§ **Supplied data**:

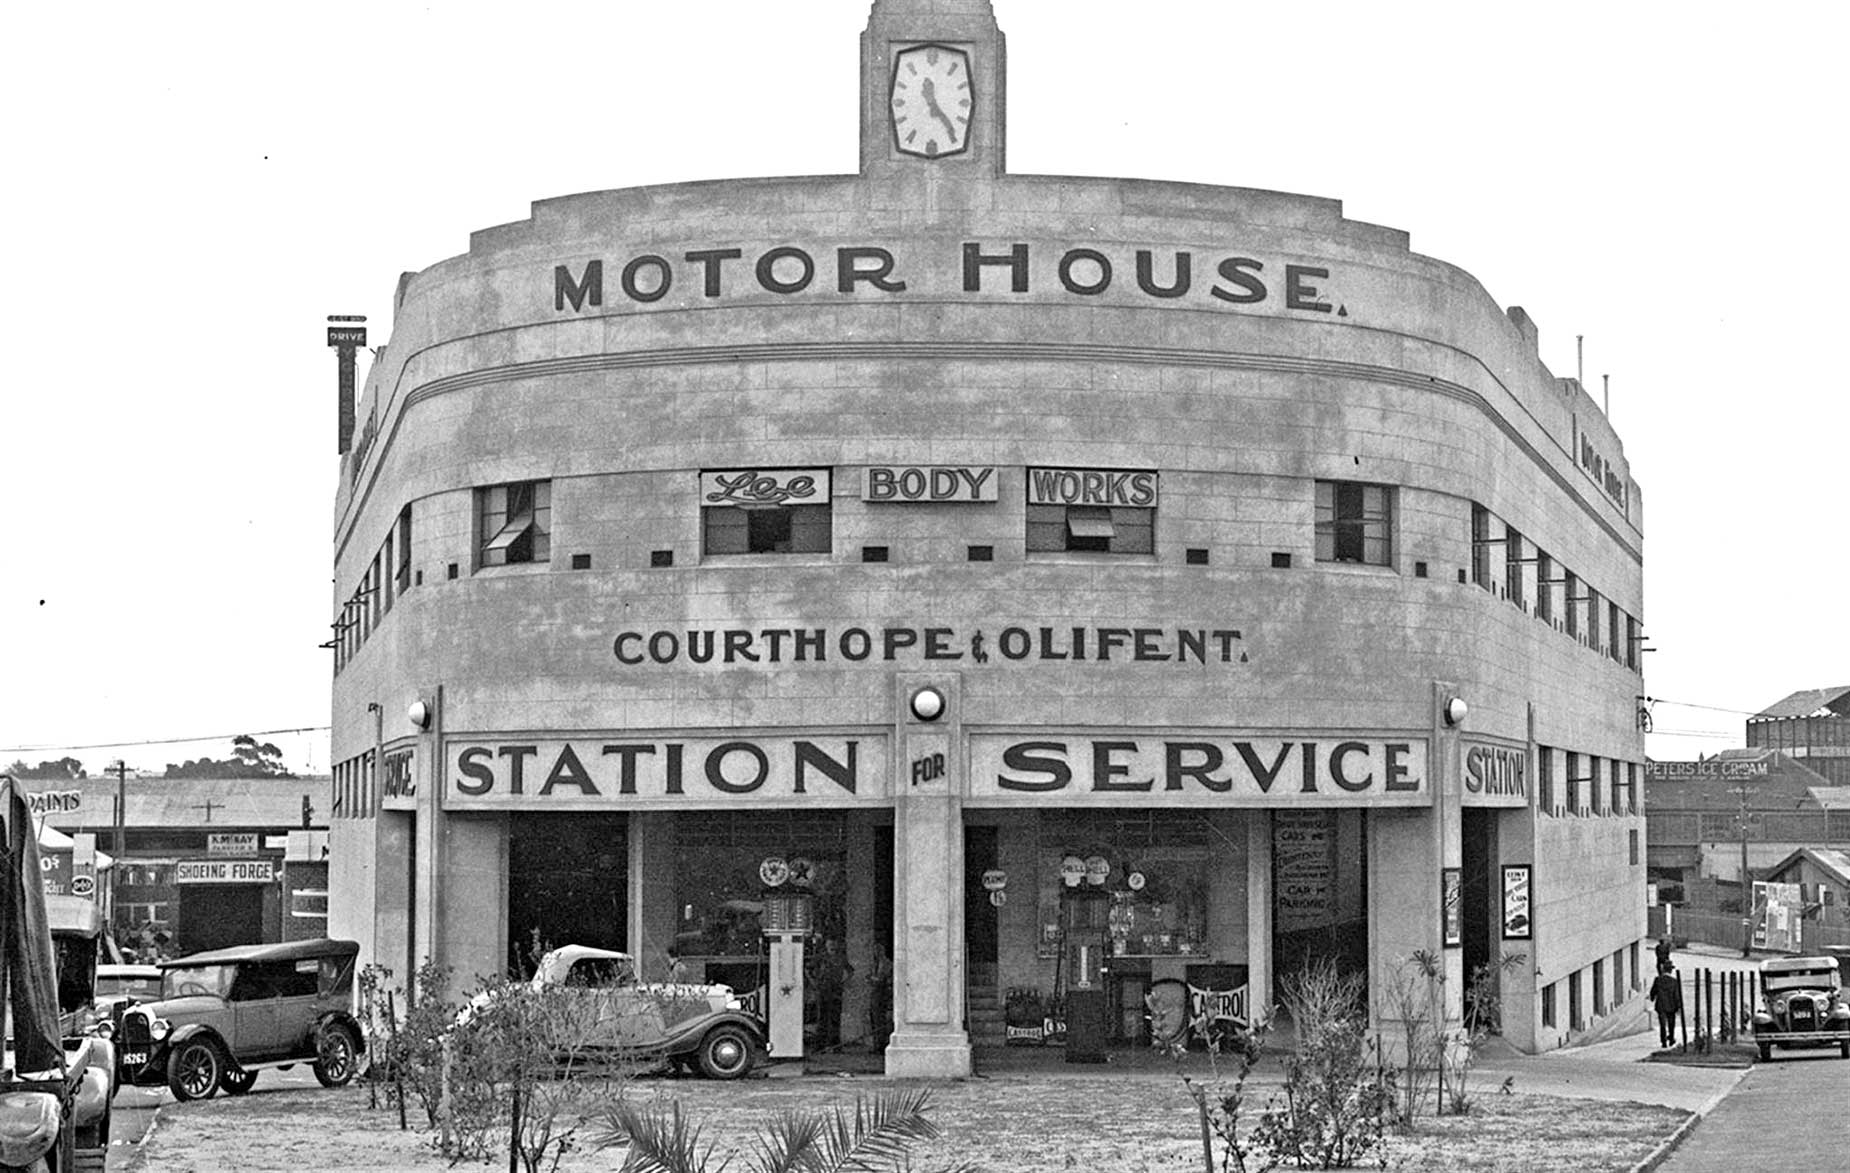 Motor-House-Gas-Station-for-Service-Perth-AZ.jpg
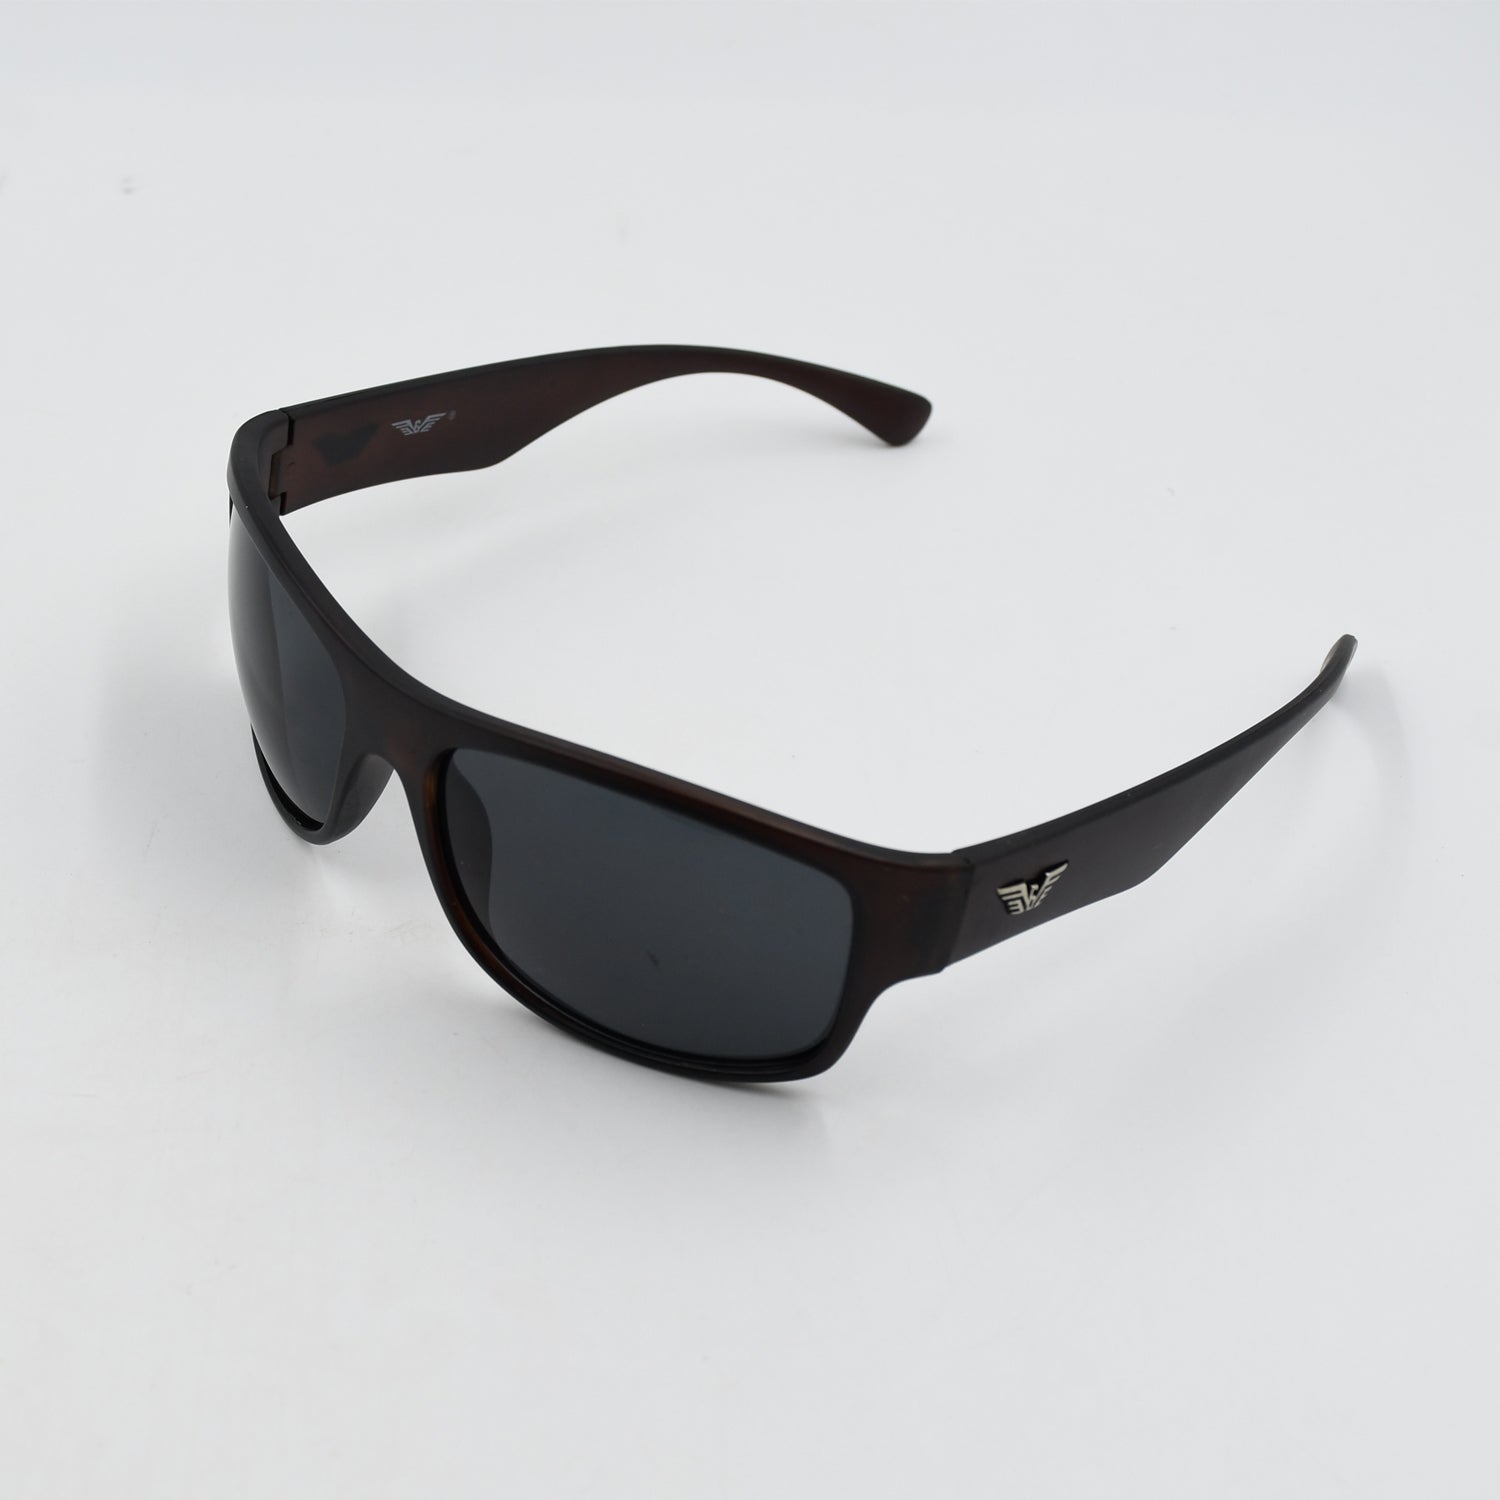 Fashion Sunglasses Full Rim Wayfarer Branded Latest And Stylish Sunglasses | Polarized And 100% Uv Protected | Men Sunglasses
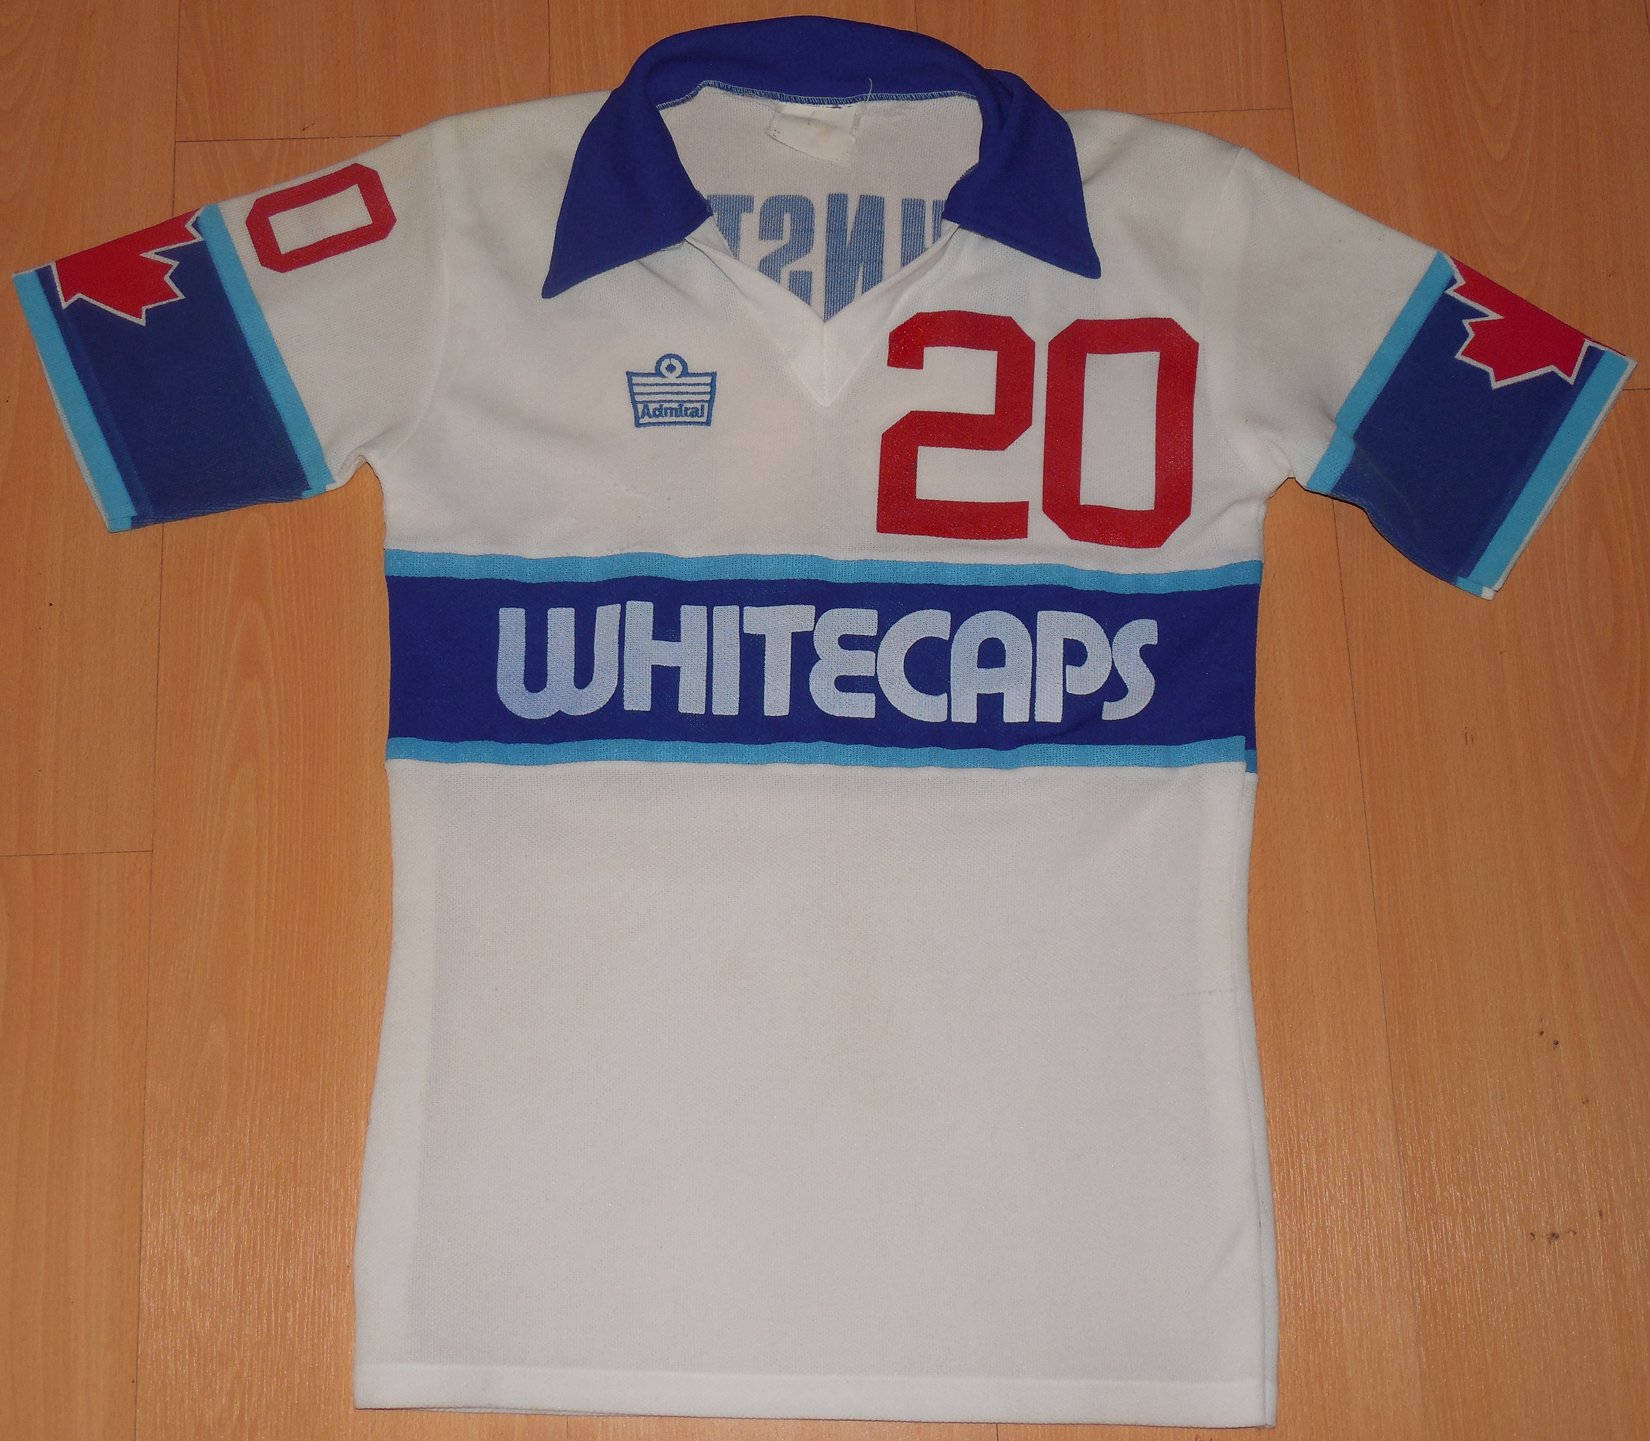 Whitecaps 80 Home Jersey Willie Johnston (1).JPG
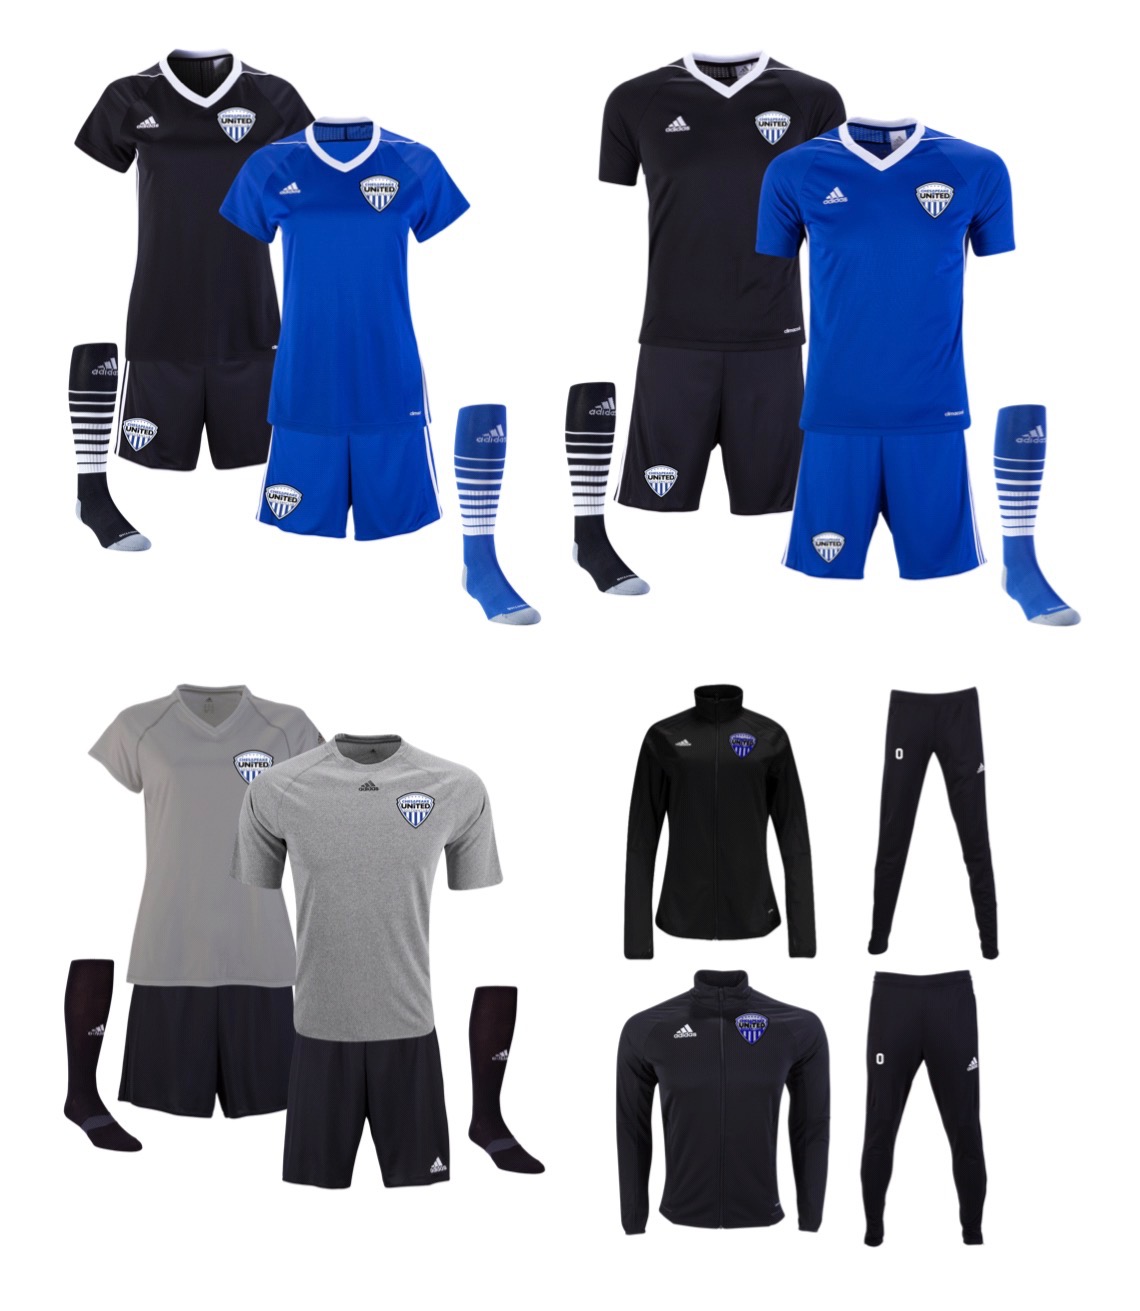 CUSC Club Store/Uniforms • Chesapeake United Soccer Club

§ **Required action**:
Please reproduce the lines exactly from the one containing "Fashion Sunglasses Full" through the last line of the data above, and keep the pictures out.

§ **Answer area**:
 Fashion Sunglasses Full Rim Wayfarer Branded Latest And Stylish Sunglasses | Polarized And 100% Uv Protected | Men Sunglasses
 Whitecaps 80 Home Jersey Willie Johnston (1).JPG
 CUSC Club Store/Uniforms • Chesapeake United Soccer Club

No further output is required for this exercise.